— What is being asked —
Reproduce all the lines below exactly and omit the images.

Data extract Block Start

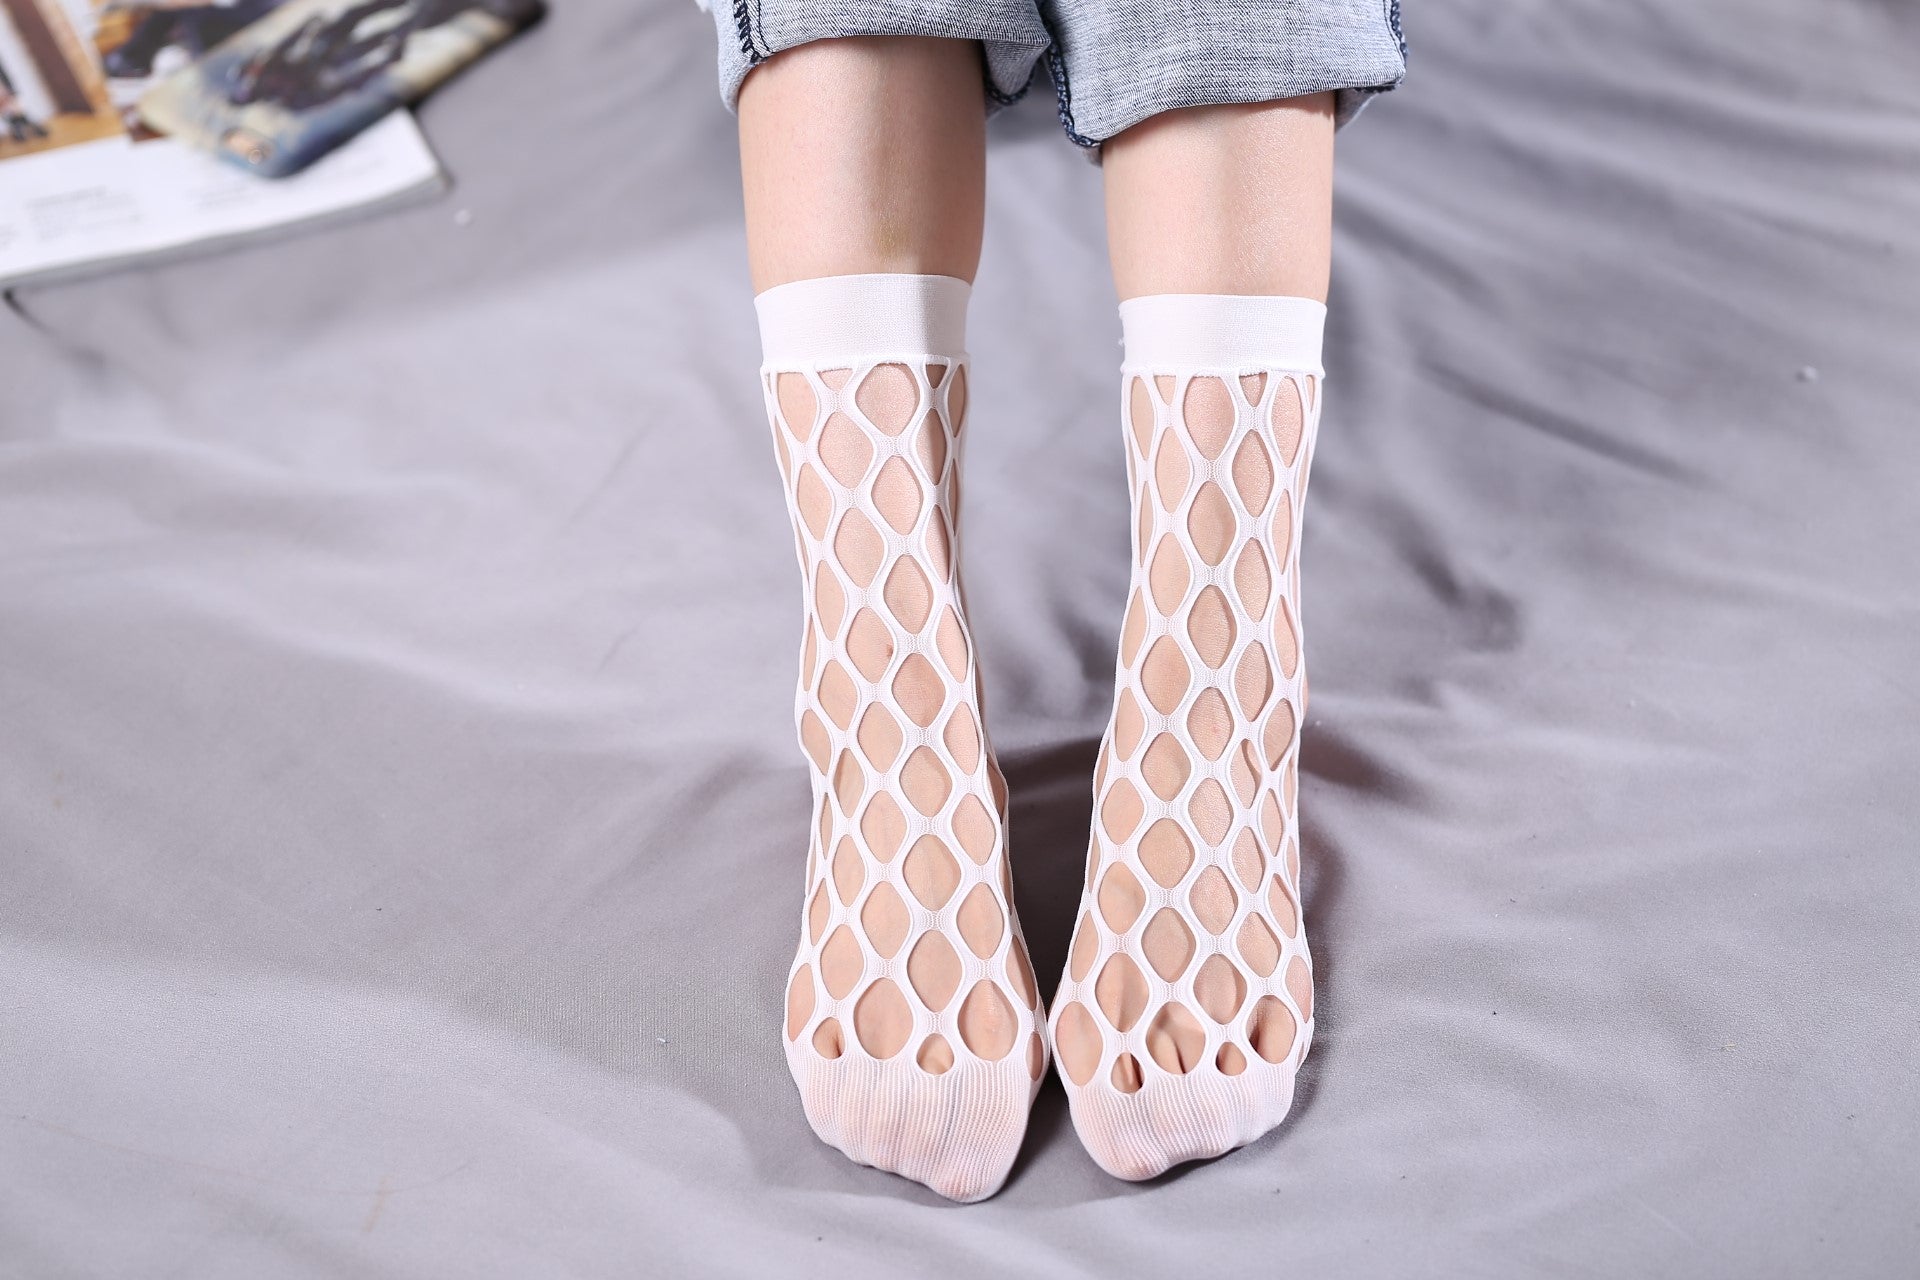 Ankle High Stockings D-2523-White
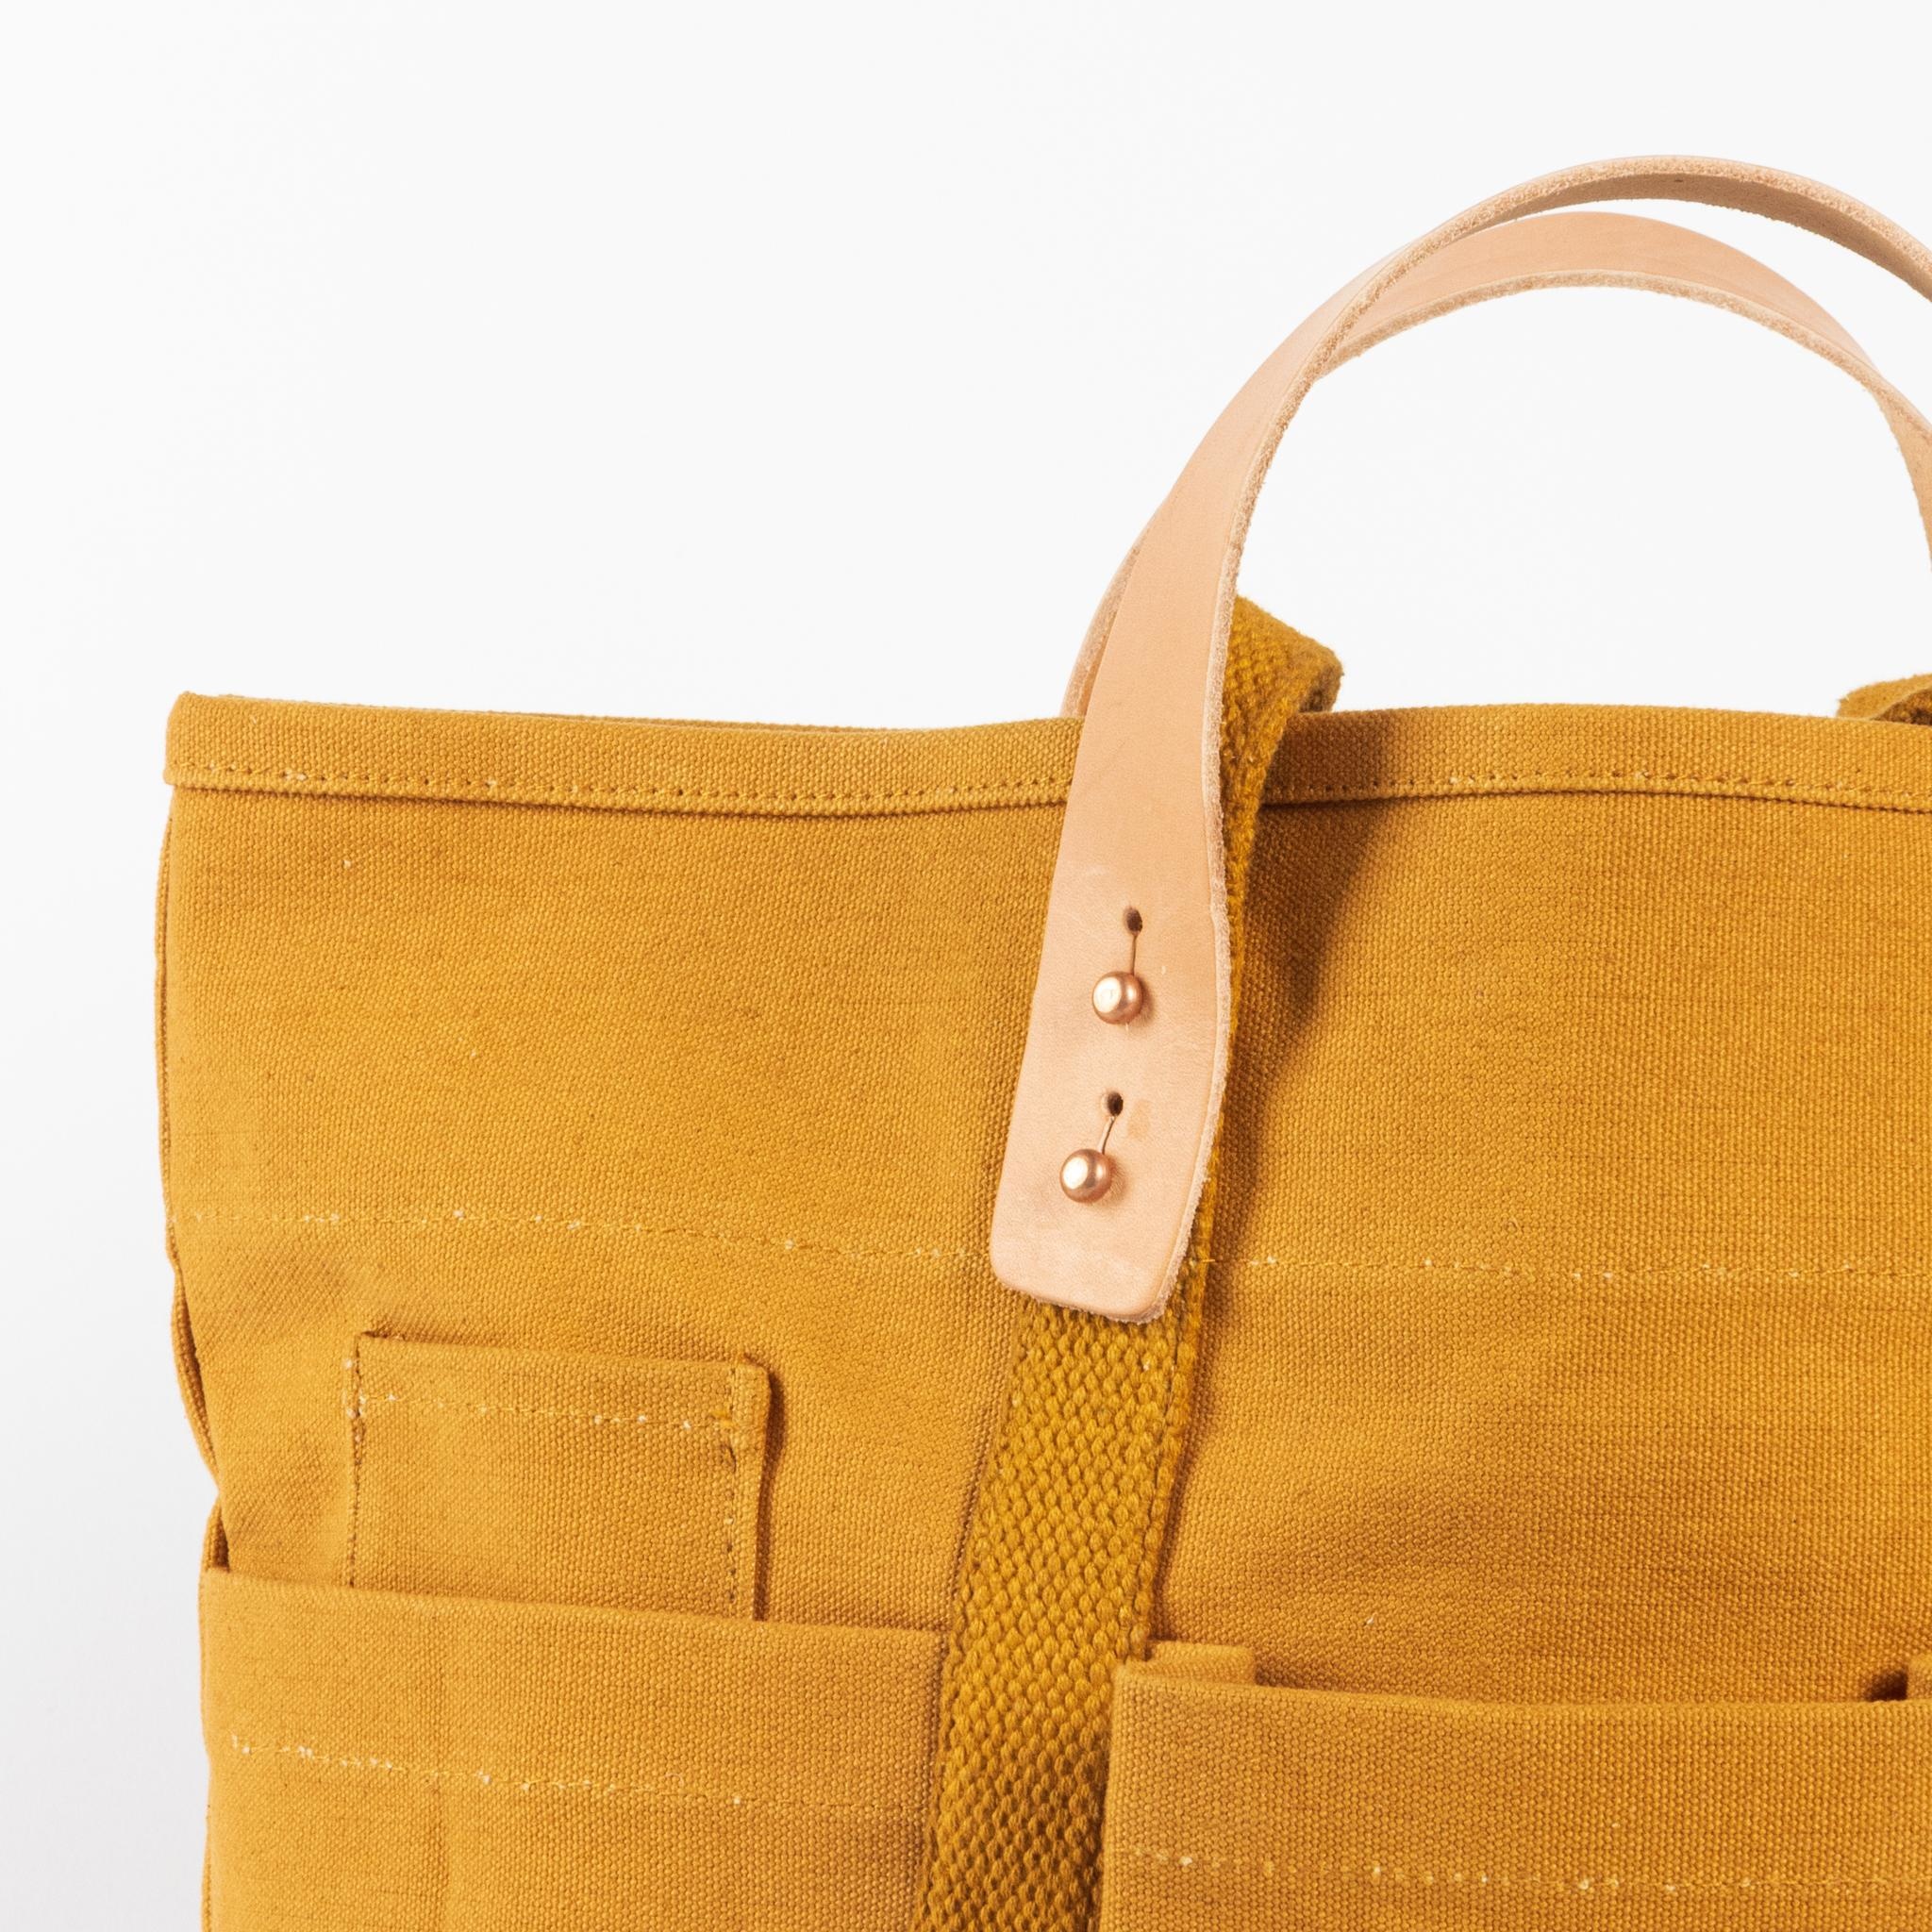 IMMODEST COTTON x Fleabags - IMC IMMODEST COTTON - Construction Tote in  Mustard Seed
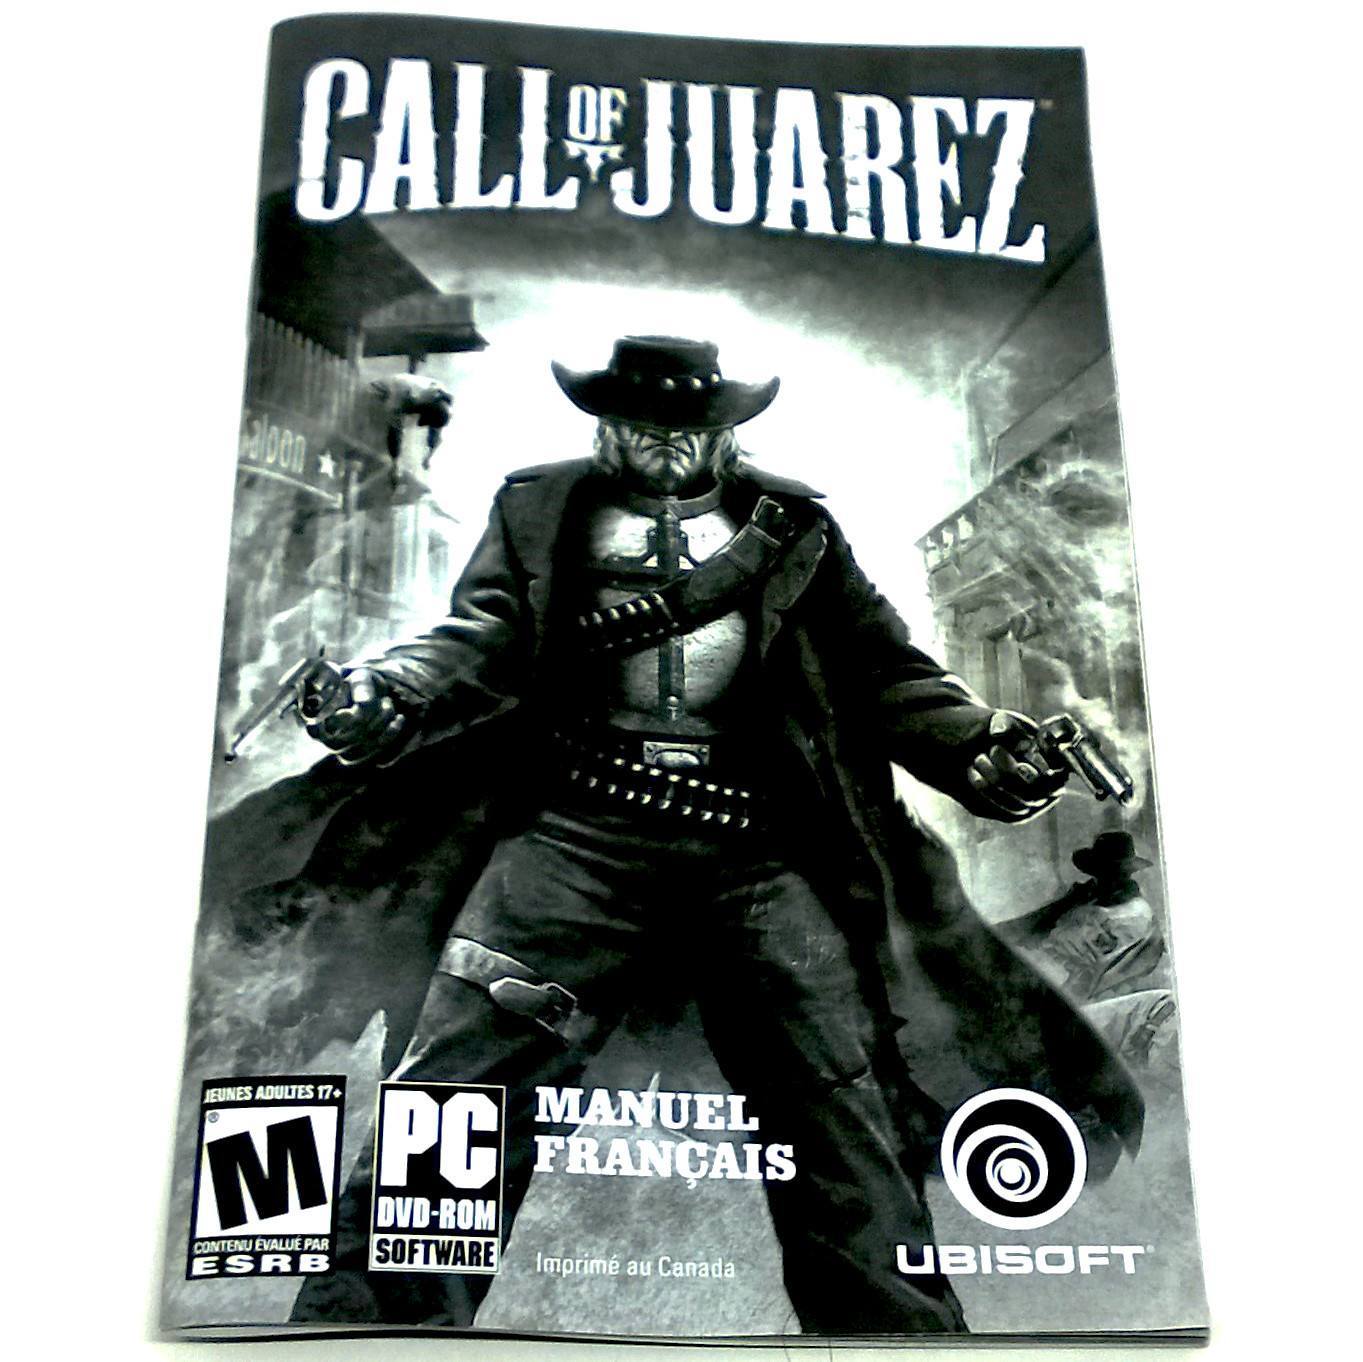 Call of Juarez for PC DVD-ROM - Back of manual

Data extract Block End

— Result of this task —
 Ankle High Stockings D-2523-White
 IMMODEST COTTON x Fleabags - IMC IMMODEST COTTON - Construction Tote in  Mustard Seed
 Call of Juarez for PC DVD-ROM - Back of manual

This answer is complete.